In unadjusted analyses, maternal smoking was associated with higher odds of any ASD (OR = 1.10, 95% CI: 1.01, 1.20), compared with no smoking (Fig. 1). A dose–response trend was present, with increasing ORs observed for higher levels of smoking (1–9 cigarettes daily: OR = 1.05, 95% CI: 0.95, 1.17; ≥10 cigarettes daily: OR = 1.18, 95% CI: 1.04, 1.33). These associations remained after adjustment for maternal age, paternal age, and parity in Model 1. However, after additional adjustment in Model 2 for sociodemographic covariates, the associations between maternal smoking and ASD were no longer statistically significant.
Odds ratios and 95% confidence intervals for the association of maternal smoking at first prenatal visit and autism spectrum disorders (ASD) in the Stockholm Youth Cohort, 1984–2003. Crude: logistic regression model matched on birth year and gender. Model 1: logistic regression model matched on birth year and gender and adjusted for maternal age, paternal age, and parity. Model 2: logistic regression model matched on birth year and gender and adjusted for maternal age, paternal age, parity, maternal/paternal education, maternal/paternal occupational class, family income, maternal origin of birth. Estimates are based on the following number of ASD cases exposed to maternal smoking during pregnancy: any smoking—783 cases; 1–9 cigarettes daily—459 cases; 10+ cigarettes daily—324 cases
ASD with or Without Intellectual Disability
Maternal smoking was significantly associated with increased odds of HFA in an unadjusted model and Model 1(OR = 1.22, 95% CI: 1.09, 1.36). These associations exhibited a dose–response trend for higher levels of smoking. However, associations of smoking and HFA were no longer statistically significant after additional adjustment in Model 2. Maternal smoking during pregnancy was not associated with odds of LFA in either unadjusted or adjusted models.
Discussion
In this population-based study in Stockholm County, we found no evidence that maternal smoking during pregnancy increases risk of ASD. In unadjusted analyses, there was an increased risk of any ASD and HFA in children with prenatal exposure to maternal smoking. These associations remained after adjustment for parental age and parity, but disappeared after adjustment for parental education, occupation, and income. This indicates that the apparent relationship of maternal smoking and ASD may be attributable to confounding by sociodemographic factors.

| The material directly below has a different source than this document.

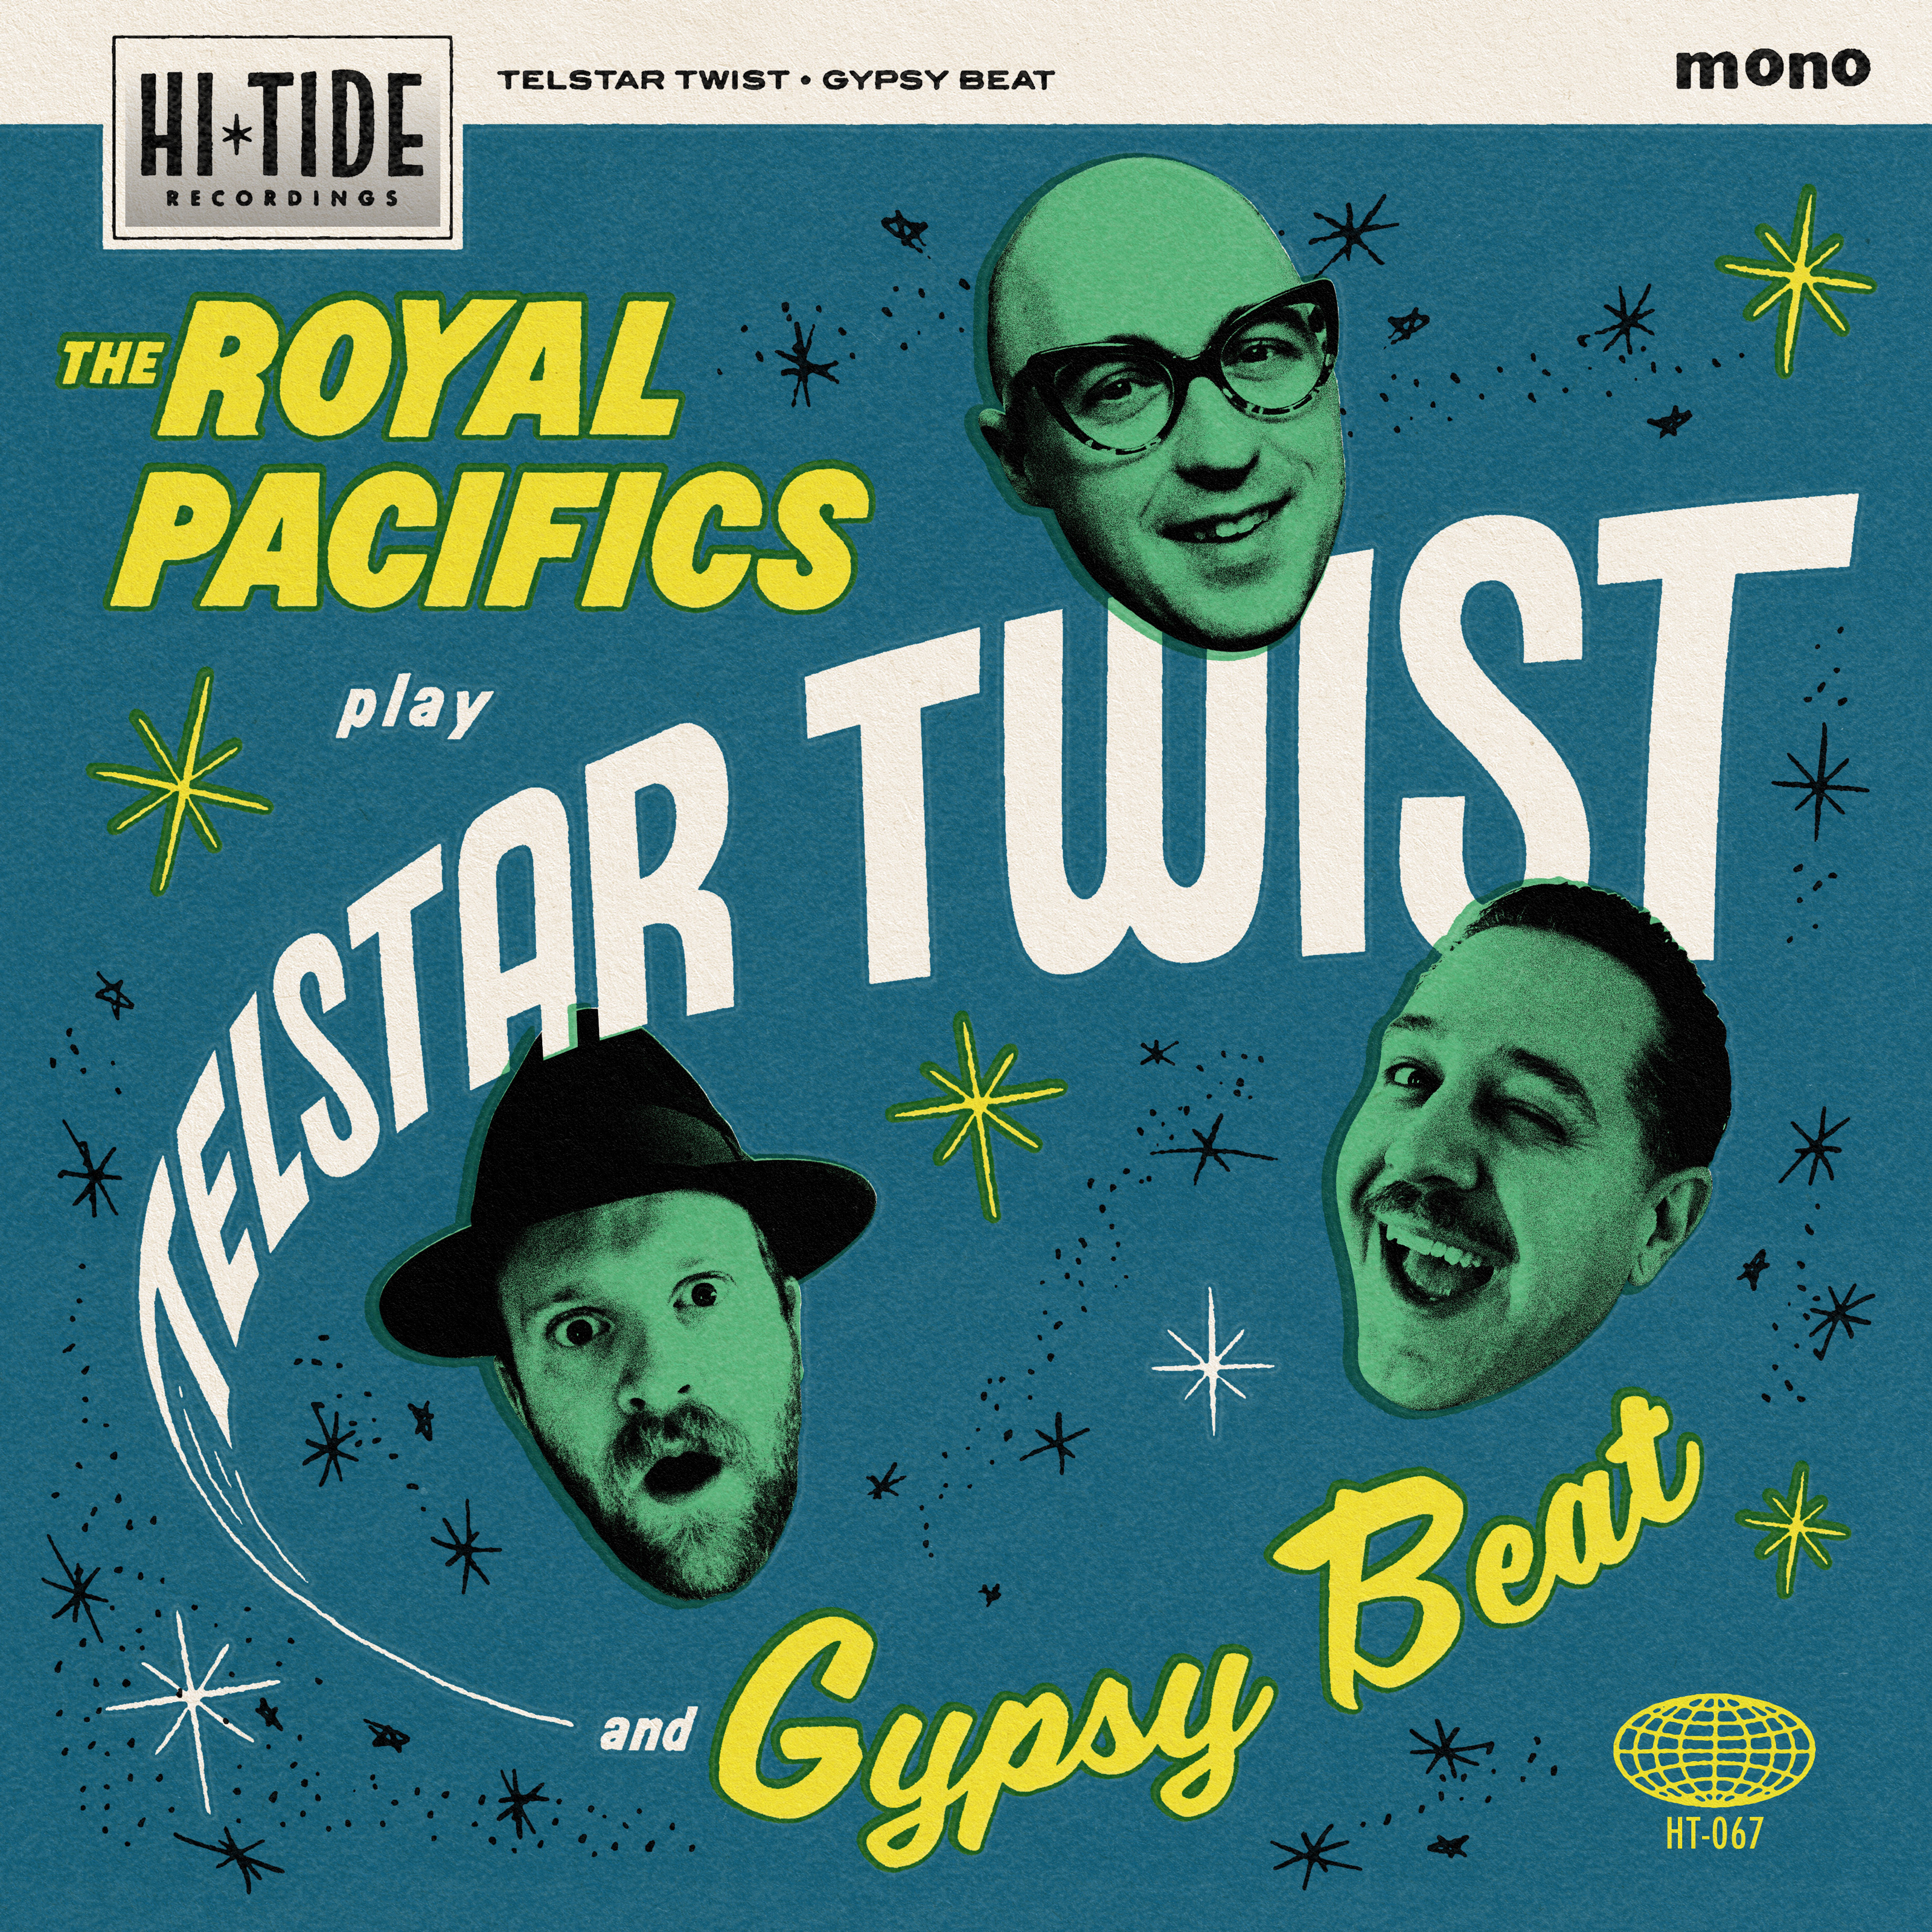 HT-067 "Play Telstar Twist and Gypsy Beat" - The Royal Pacifics | DripFeed.net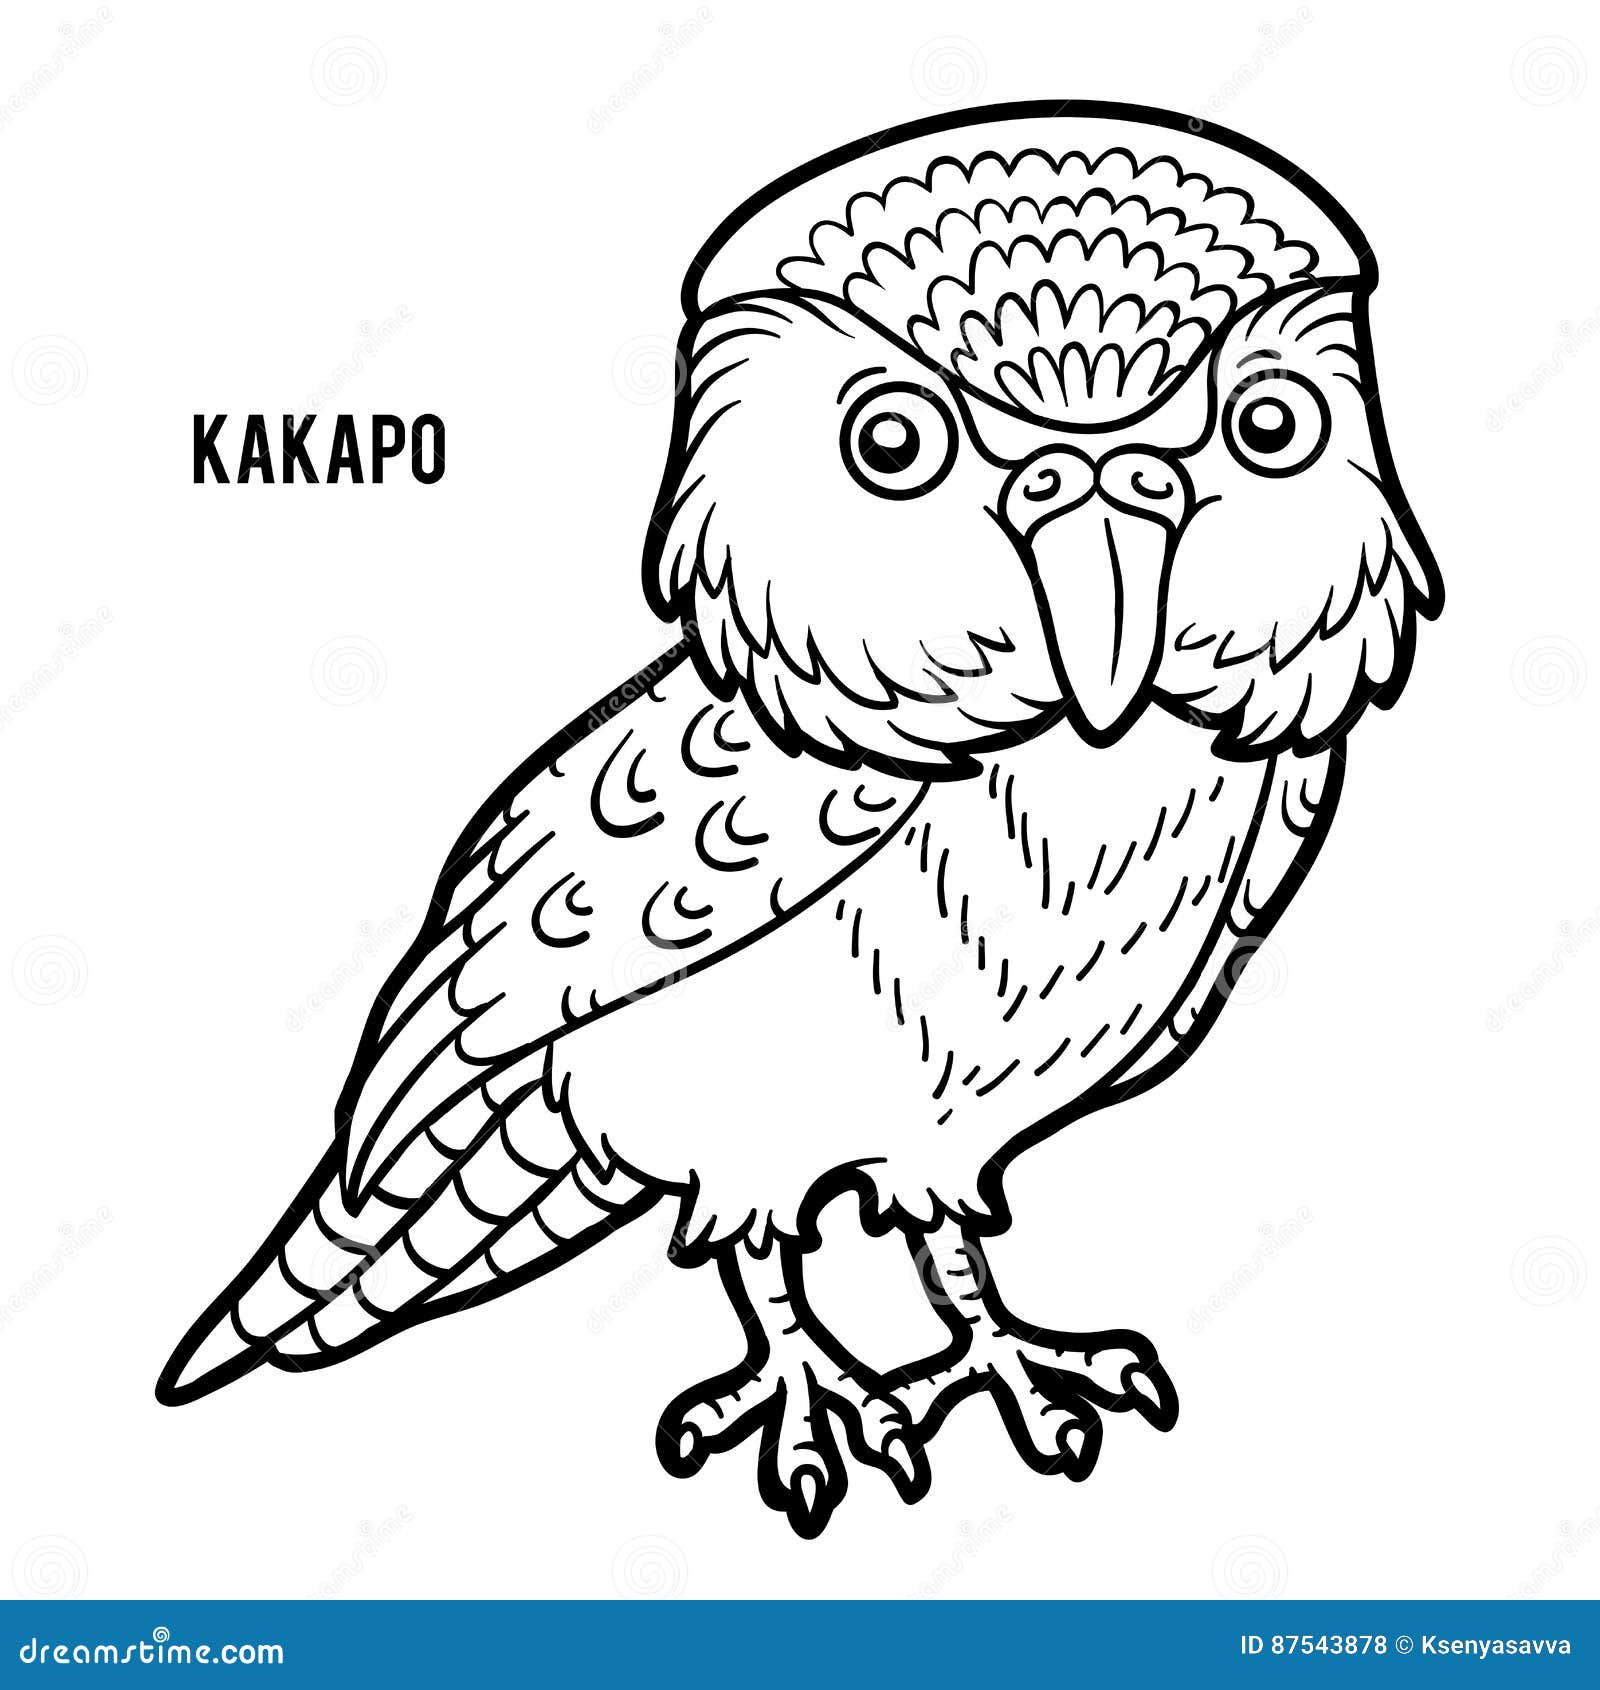 Coloring book, Kakapo stock vector. Illustration of bird - 87543878

The null findings are consistent with other studies that controlled for sociodemographic factors (Burstyn et al. 2010; Kalkbrenner et al. 2010) and fit the ecological evidence regarding trends in diagnosis and smoking habits. Smoking practices of Swedish pregnant women have declined steadily over time, from 31% in 1993 to 13% in 2000 (Cnattingius 2004) while ASD incidence has increased (Gillberg et al. 2006). In contrast, a previous Swedish register study reported an increased risk of ASD with fetal exposure to tobacco smoke (Hultman et al. 2002). That study, however, did not adjust for familial characteristics other than the mother’s origin of birth, and furthermore was based solely on inpatient records for case ascertainment.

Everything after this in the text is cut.